The third kick we did was the turning side kick, 5 per side. I hate this kick. I hate turning my back on the target or opponent. My foot just couldn’t land on the target. Well, I landed a few, but most of my kicks missed the kick shield. UGH. GAH. I was such a loser. So I volunteered to hold the shield next. Might as well get that over. This time they didn’t hold back. Well, one of them did, I think. And this kick is actually more powerful than the 45. Yung 45, sipa, ito, tadyak. So, yeah, I was repeatedly thrown back and the kick shield offered no shield, really. It was actually hazardous: the black belt’s kicks caused the shield to hit me on my chin and mouth and, voila, bleeding lip. Good thing it was the inside part, since it’d be embarrassing if any of them saw the blood. That was the last drill, thank goodness.

So. Let’s assess. My arms are sore with a big bruise forming on my right arm. My feet are sore from all that kicking, my right foot especially. I have a bleeding lip. I have a scraped left elbow. My joints are aching from all the stretching. My whole body is tired and aching. And the pain will probably worsen when I wake up tomorrow.

Did I mention that this is my fifth PE, and so I basically don’t need it?

BUT I’M EXHILARATED.

When I got home, the first thing I did (apart from logging on to facebook) was to google taekwondo and youtube the kicks. Then I practiced the turning side kick for a bit. I just love doing this.

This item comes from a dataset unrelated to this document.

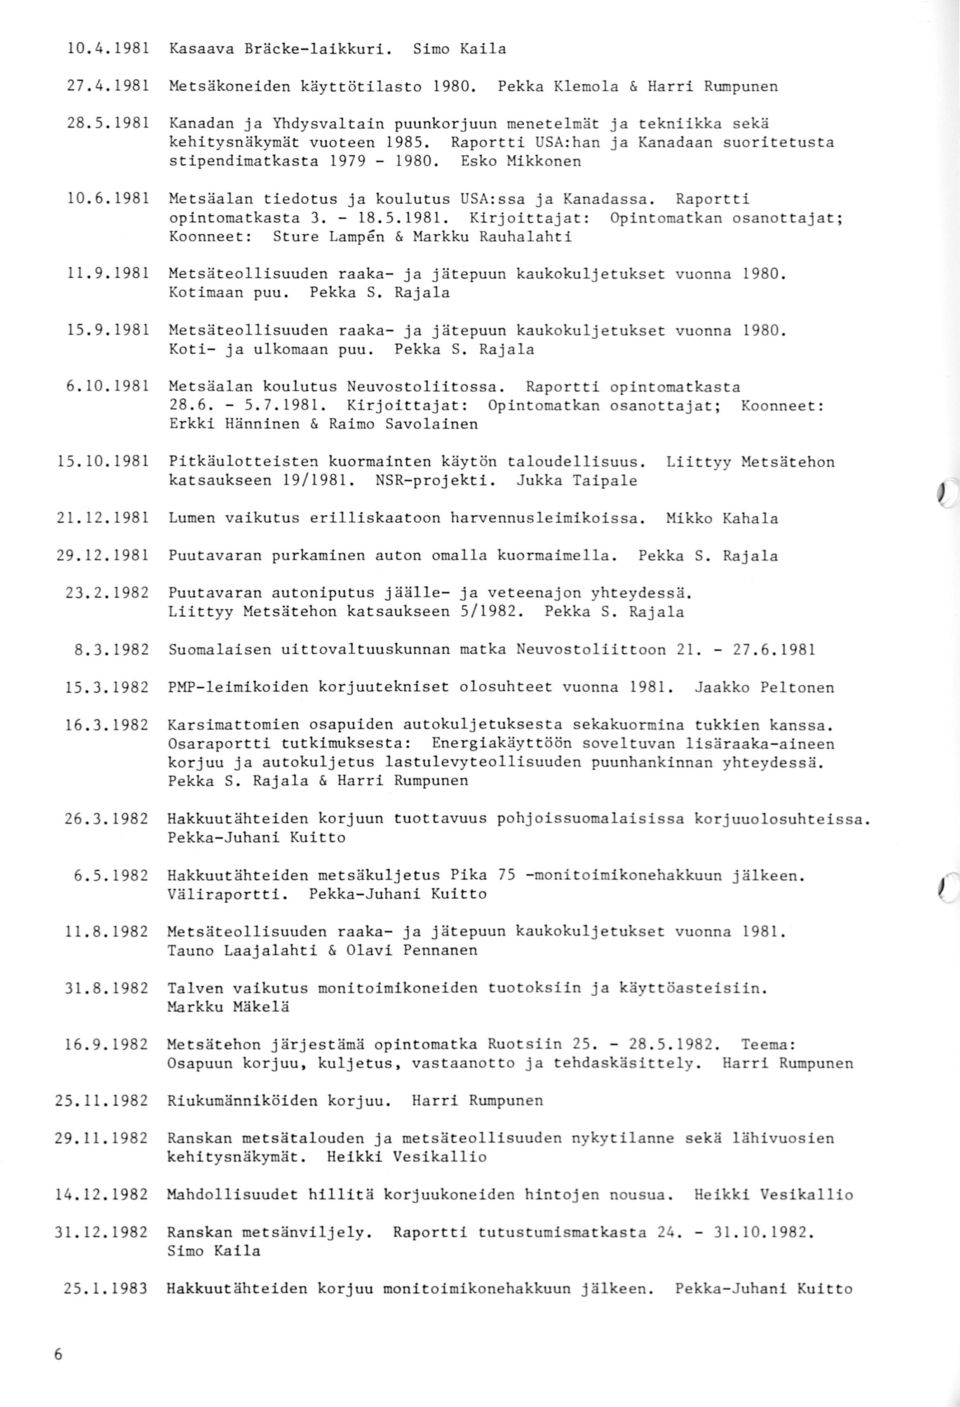 9.1981 Metsäteollisuuden raaka- ja jätepuun kaukokuljetukset vuonna 1980. Kotimaan puu. Pekka S. Rajala 15. 9. 1981 Metsäteollisuuden raaka- ja jätepuun kaukokuljetukset vuonna 1980.

On my way home, I was thinking if I regret telling Sahbumnim that I’m a yellow belt. My life would have been easier if I stayed with the rest of the class. But then it won’t be challenging. I’m pushing myself to the limits, I’m raising my pain threshold and I am enjoying myself despite the pain. Maybe I have masochistic tendencies? Another tension of opposites, then: I am afraid of pain and torture, but I’m okay with this kind of pain.

It’s going to be hard, but I sure as hell am going to enjoy this. I’m excited for the next meeting!